→ **Source data**:
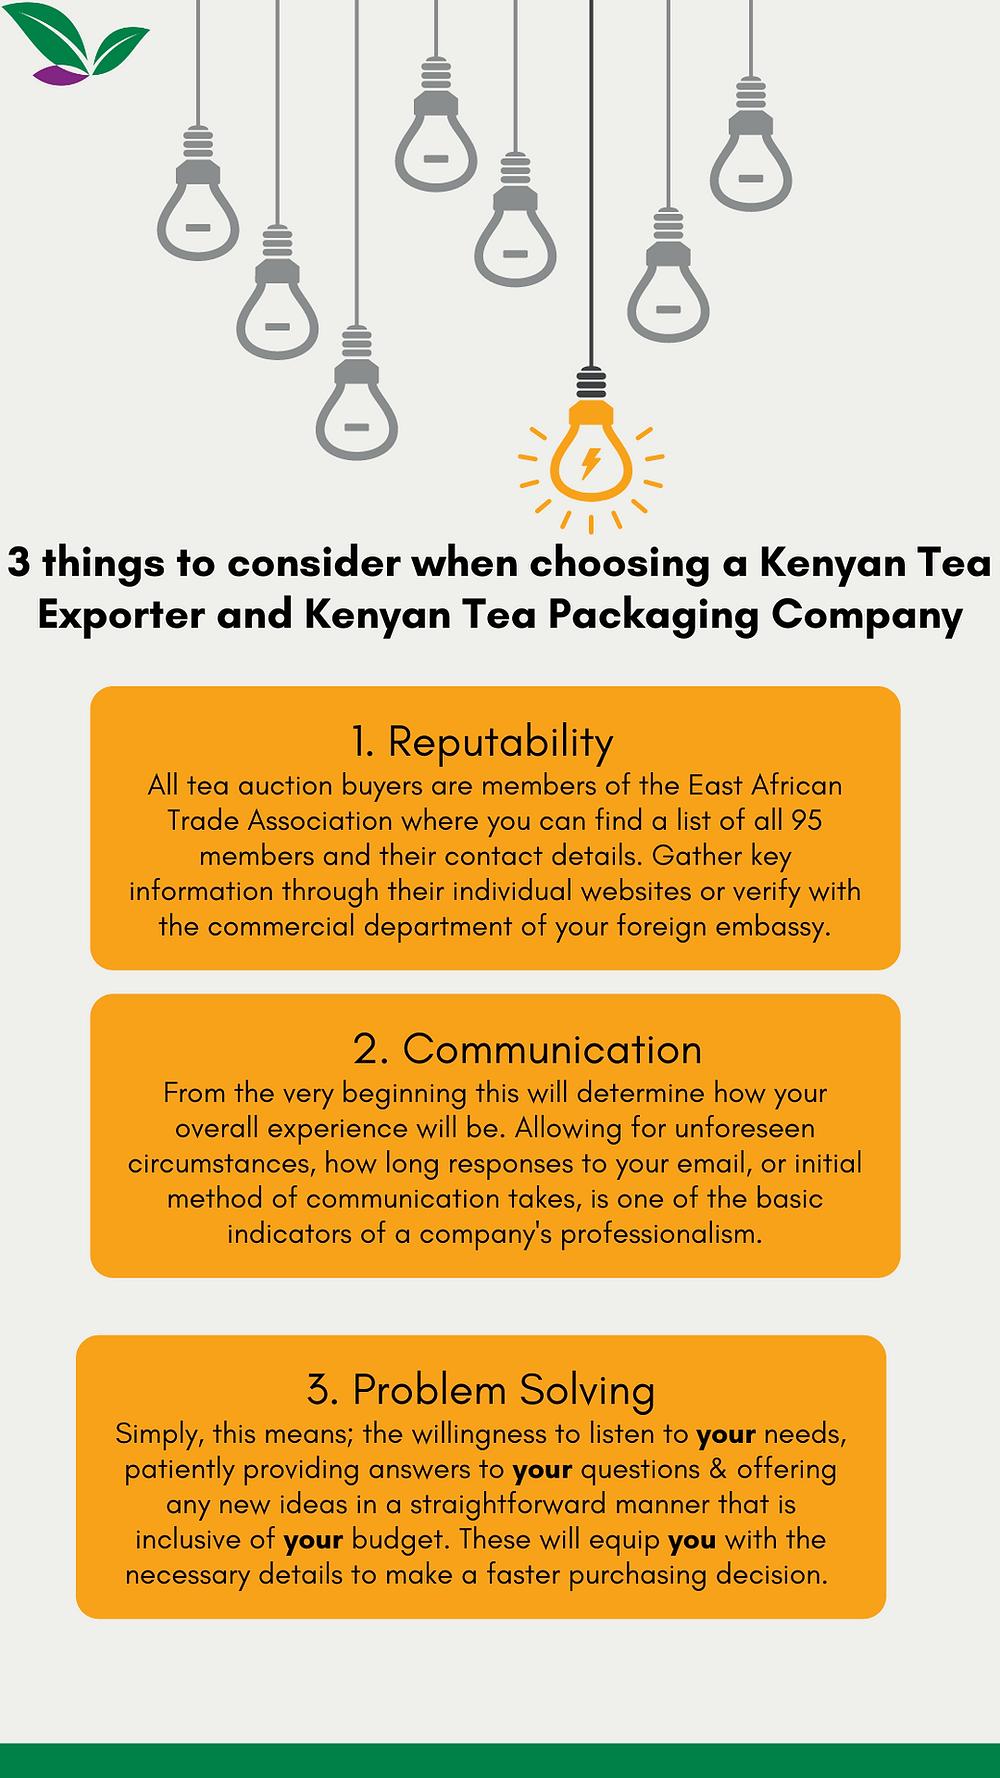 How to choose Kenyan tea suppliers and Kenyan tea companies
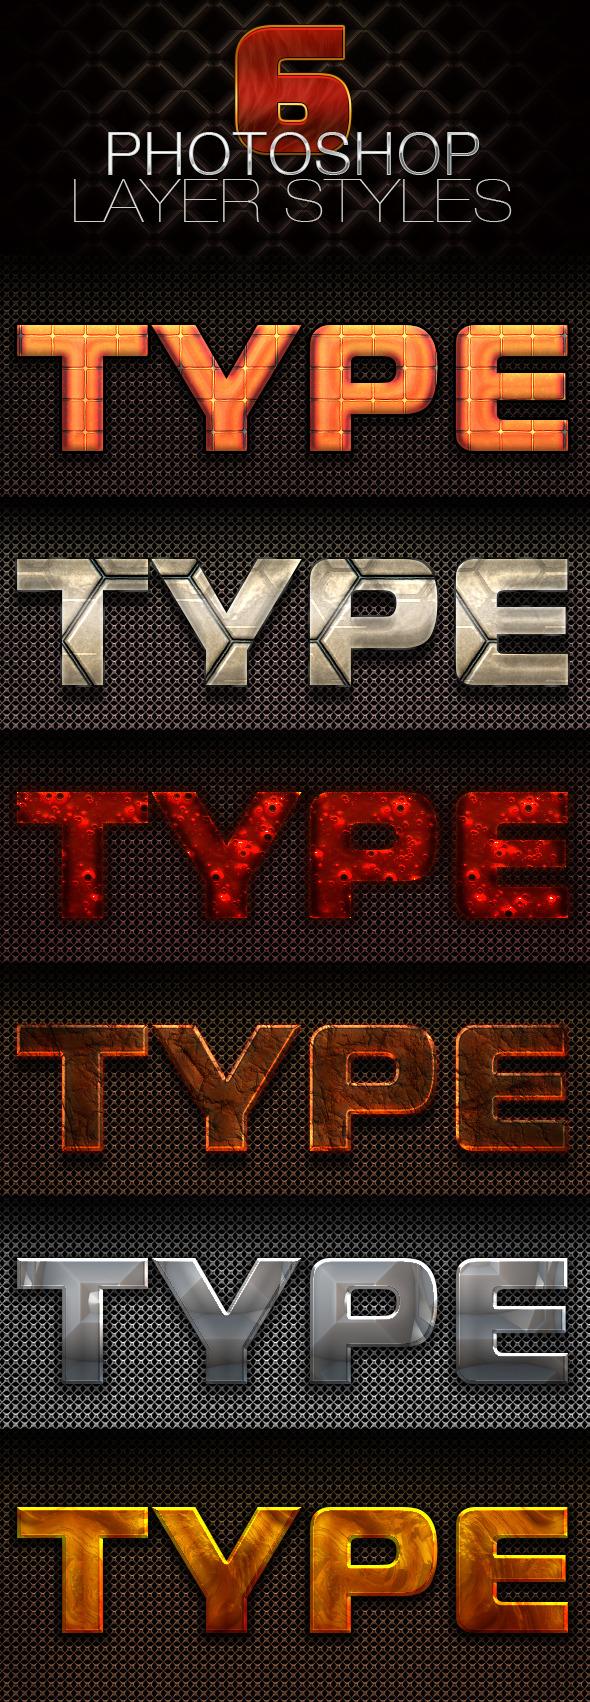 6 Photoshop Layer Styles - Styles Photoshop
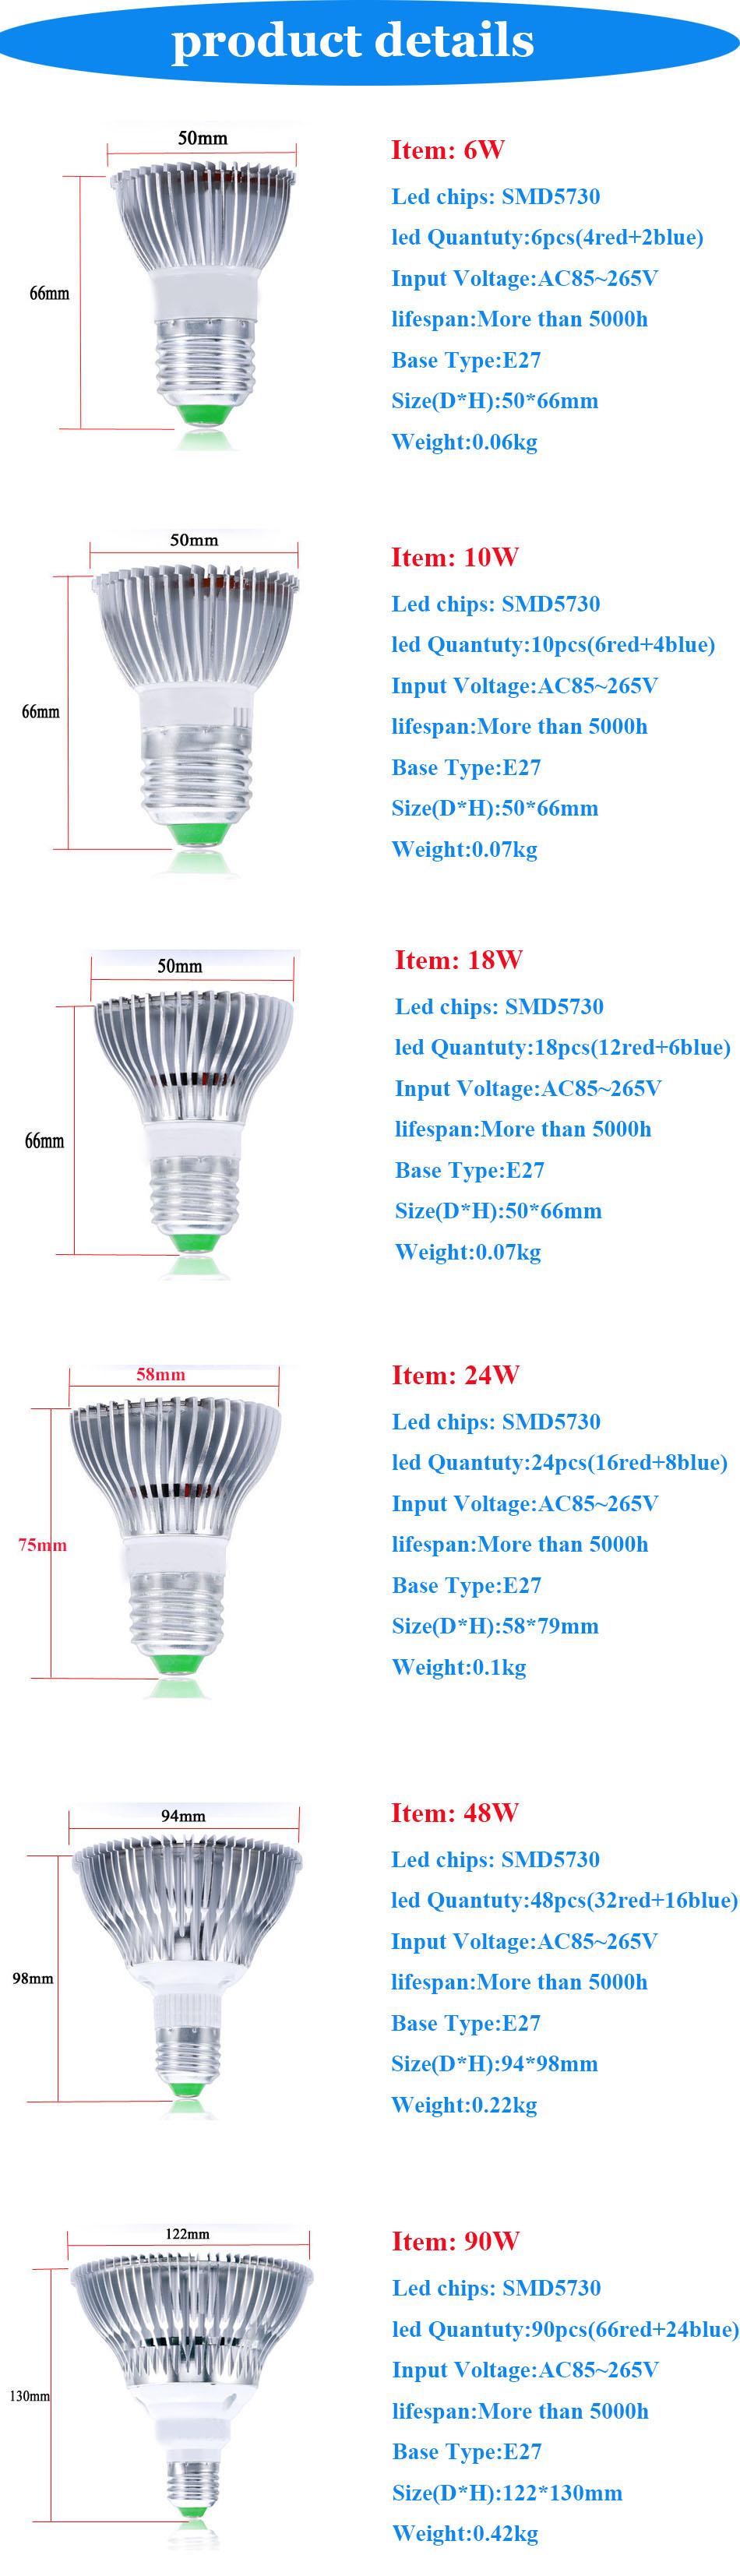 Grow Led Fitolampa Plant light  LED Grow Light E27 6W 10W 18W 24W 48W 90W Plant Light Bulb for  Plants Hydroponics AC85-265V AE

→ **What this task involves**:
Inclusive range, exact copy: the line containing "6 Photoshop Layer Styles - Styles Photoshop" through the last line of the listing. Print nothing else, and no pictures.

→ **Output of the exercise**:
 6 Photoshop Layer Styles - Styles Photoshop
 Grow Led Fitolampa Plant light  LED Grow Light E27 6W 10W 18W 24W 48W 90W Plant Light Bulb for  Plants Hydroponics AC85-265V AE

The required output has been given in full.